There’s a good chance you are running you application in IIS if you are a .NET developer. There are many tools to analyze IIS logs, but I haven’t seen anything as powerful as Elasticsearch. Analyzing your IIS logs with Elastic Stack might be especially interesting for you if you already use it for your other logs.

I don’t want to repeat the general guidelines from many existing articles on how to use Logstash. The most important part there is Logstash config file. The most important part in the config file is the filter step.
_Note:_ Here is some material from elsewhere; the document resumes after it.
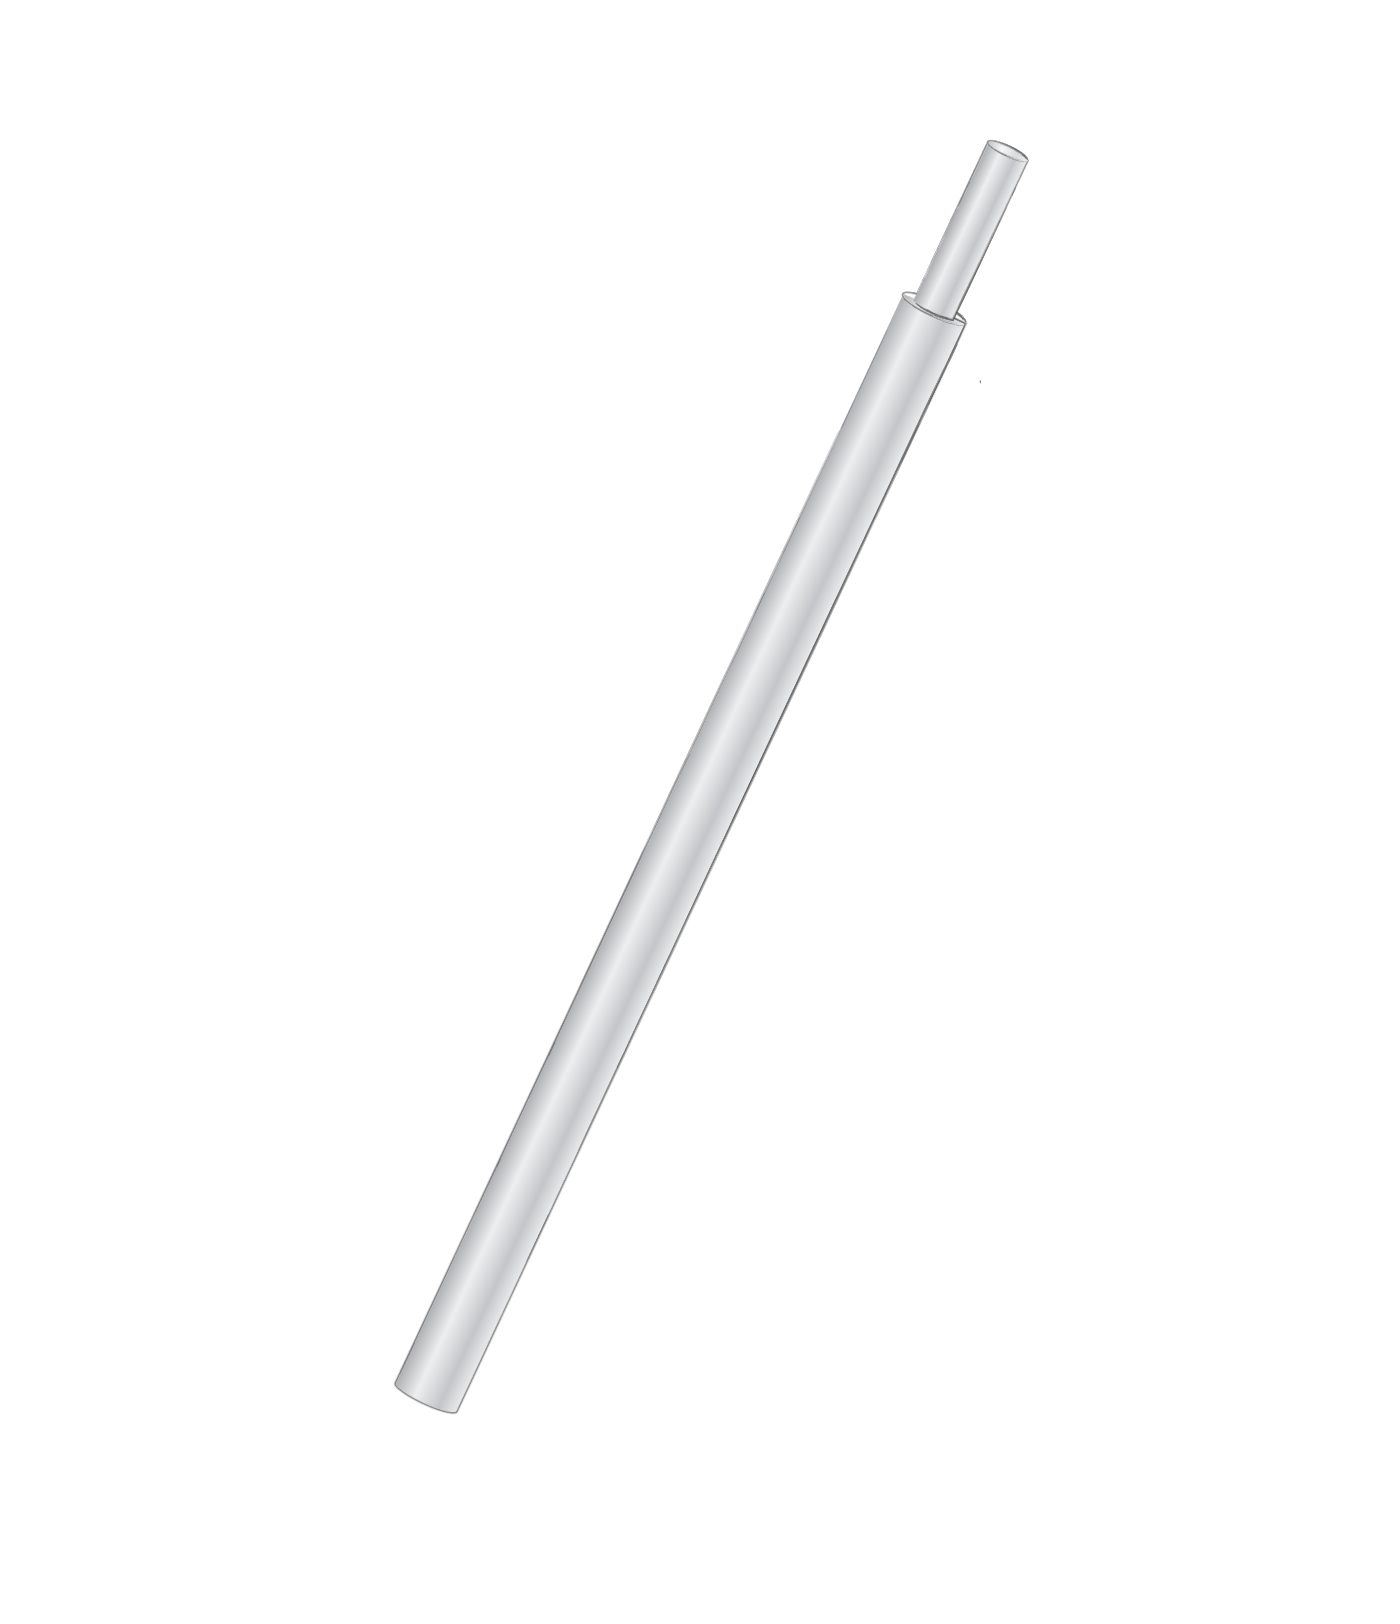  ALU-Steckstange 1.3 m (ø35 mm)

Here’s my filter config:

## Ignore the comments that IIS will add to the start of the W3C logs
if [message] =~ "^#" {
  drop {}
}

grok {
  match => ["message", "%{TIMESTAMP_ISO8601:log_timestamp} %{NOTSPACE:s-site} %{WORD:cs-method} %{URIPATH:cs-uri-stem} %{NOTSPACE:cs-uri-query} %{NUMBER:s-port} %{NOTSPACE:cs-username} %{IPORHOST:c-ip} %{NOTSPACE:cs(User-Agent)} %{NOTSPACE:cs(Referer)} %{NUMBER:sc-status:int} %{NUMBER:sc-substatus:int} %{NUMBER:sc-win32-status:int} %{NUMBER:time-taken:int}"]
}

#Set the Event Timesteamp from the log
date {
  match => [ "log_timestamp", "YYYY-MM-dd HH:mm:ss" ]
  timezone => "Etc/UTC"
} 

geoip {
  source => "c-ip"
  target => "geoip"
  add_tag => [ "iis-geoip" ]
}
 
 
useragent {
  source=> "useragent"
  prefix=> "browser"
}
 
mutate {
 remove_field => [ "log_timestamp"]
}

It should match your IIS log fields configuration. Mine worked great for the default IIS log fields configuration on Windows Server 2012. Use Grok Debugger to troubleshoot it.
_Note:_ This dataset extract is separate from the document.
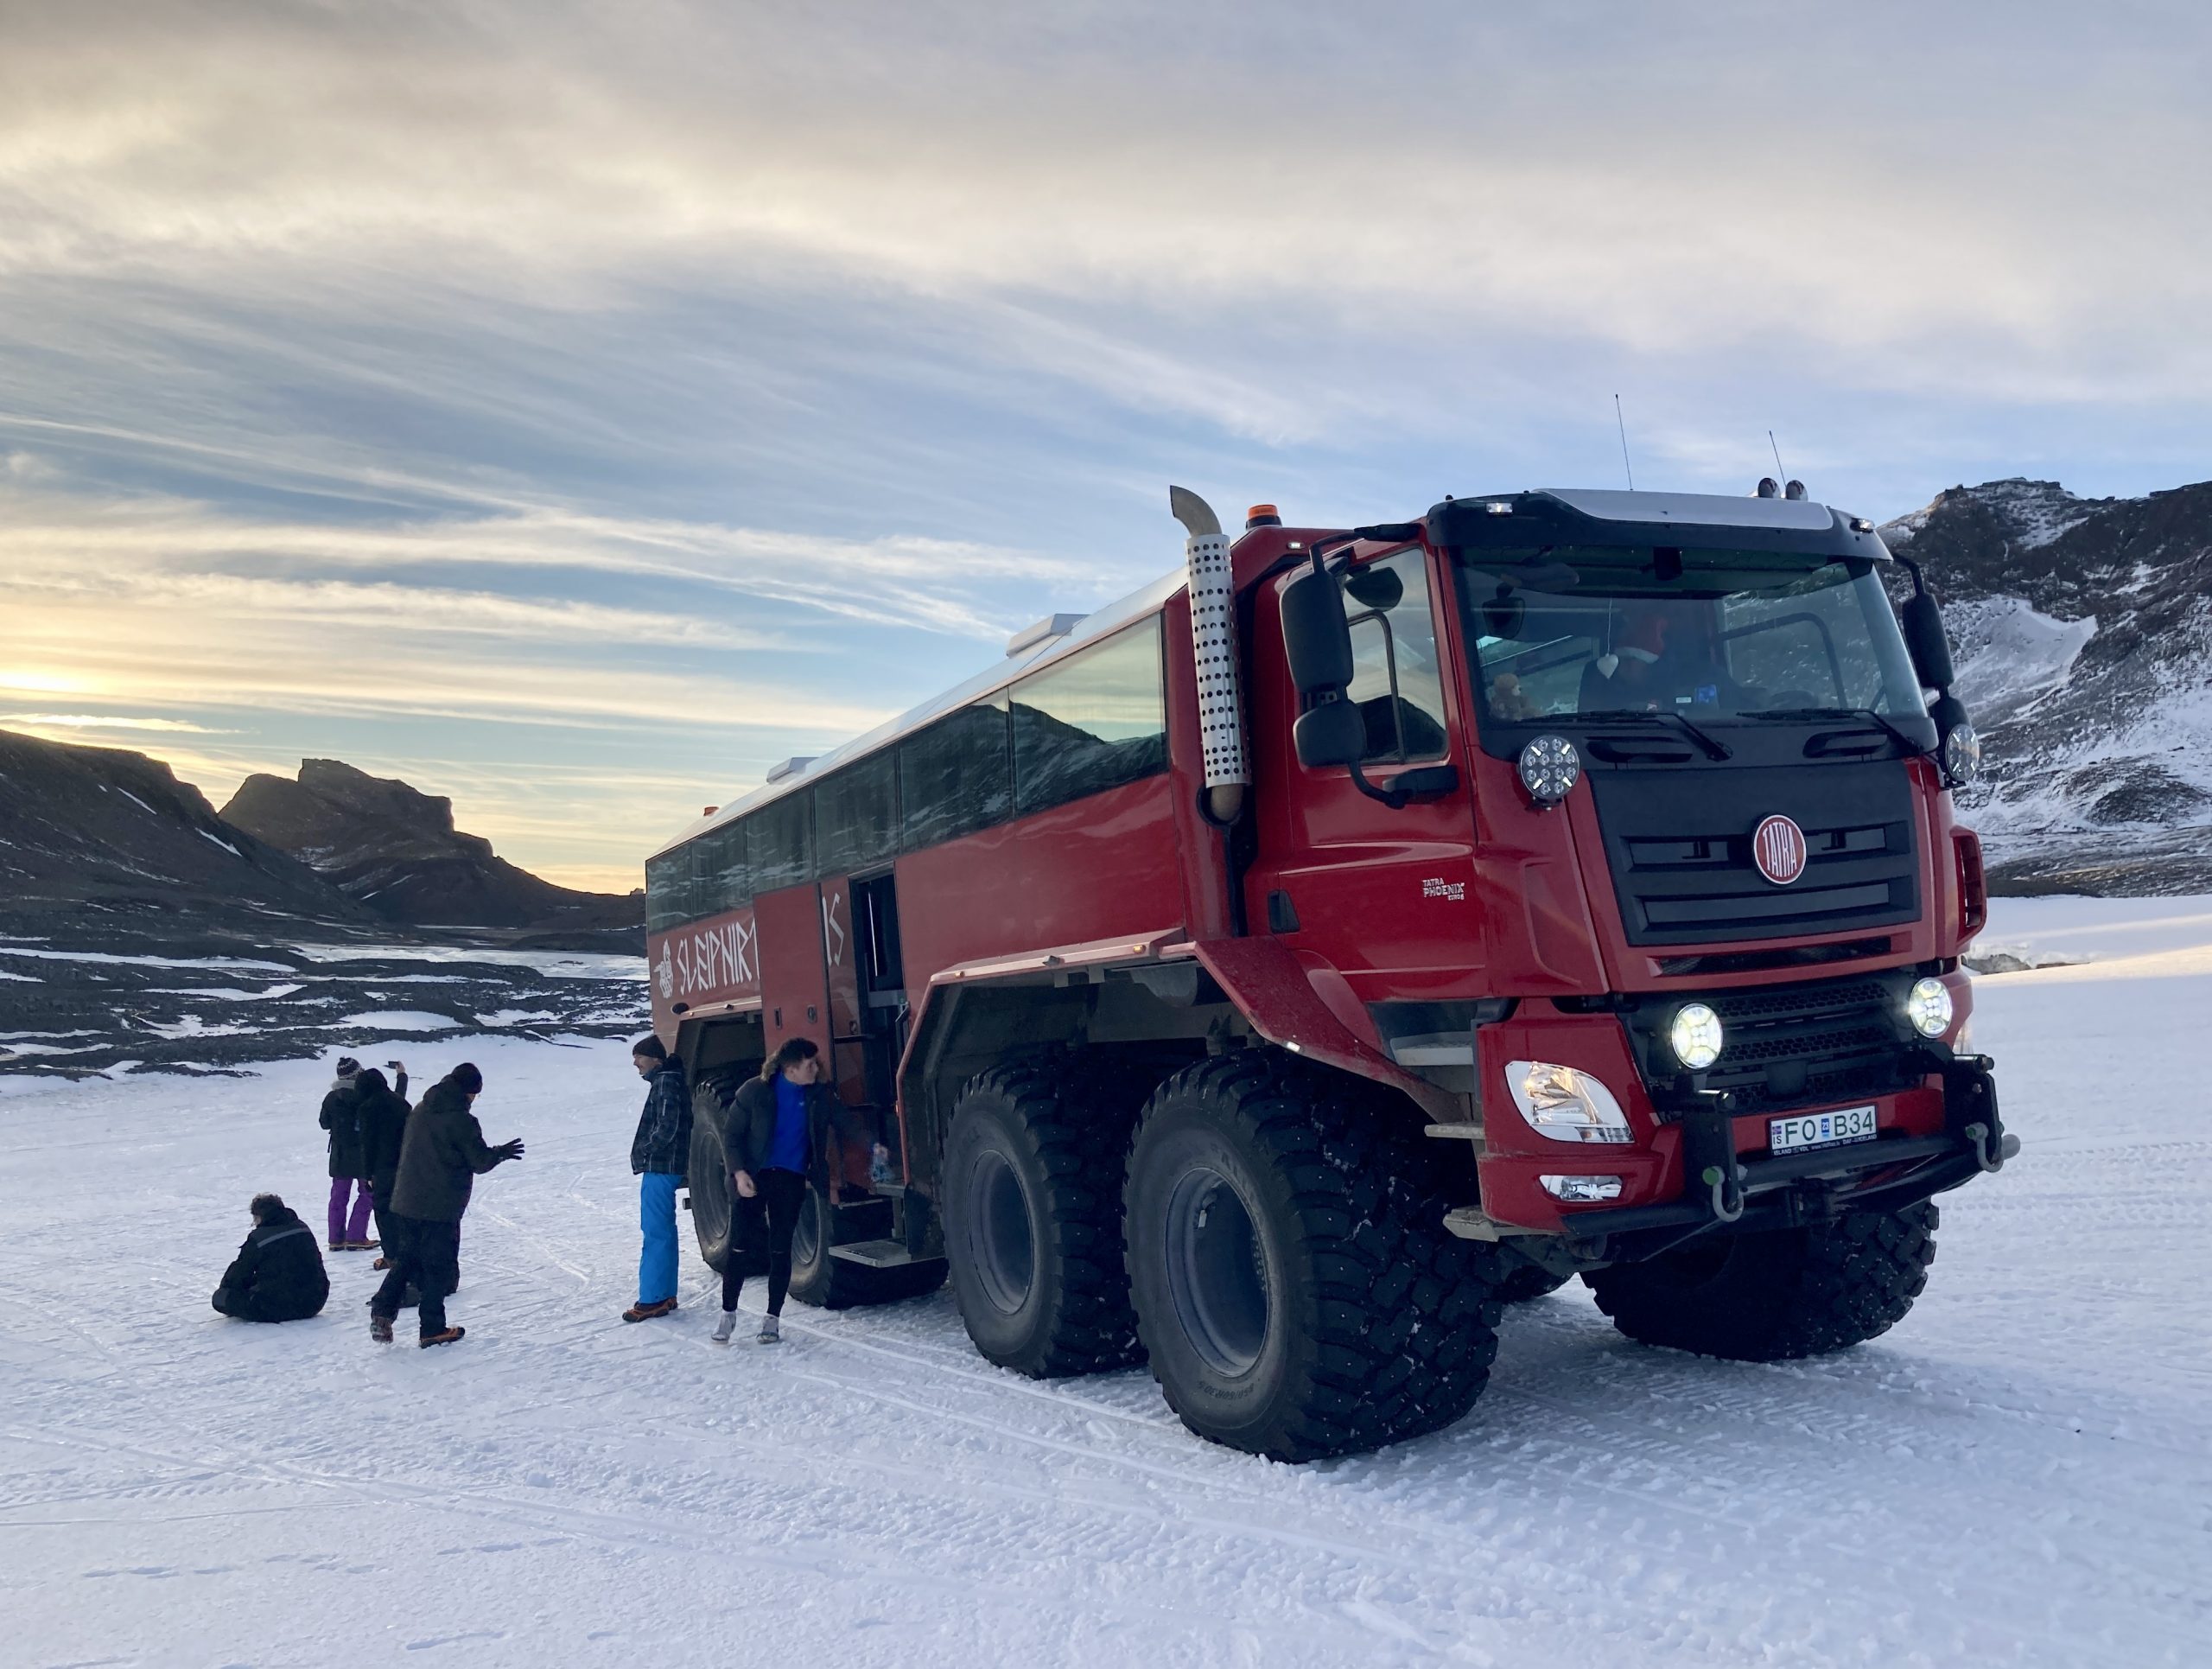 The glacier truck Sleipnir.

A killer feature of Kibana for me was the ability to visualize the geography of requests to the server:

Notes:

  1. Elasticsearch and Logstash are quite resource-consuming. That’s why it’s better to install them on a separate server and to use Filebeat to ship logs from your web server machine(s).

  2. Another interesting trick for real-time log analysis in high-load systems is to use ETW. In IIS Manager Logging section change Log Event Destination to ETW. This will create ETW events that can be captured by some windows service and written directly to ElasticSearch. This solution is a bit more complicated, but it allows to avoid writing logs to disk and their subsequent parsing.

  3. When I tried to visualize my IIS logs in Kibana I got the following error: "Trying to query 1355 shards, which is over the limit of 1000. This limit exists because querying many shards at the same time can make the job of the coordinating node very CPU and/or memory intensive". By default Logstash creates one Elasticsearch index for each day (IIS log file) and 5 shards per index. I resolved the issue by decreasing the number of shards per index. This is configured in index template.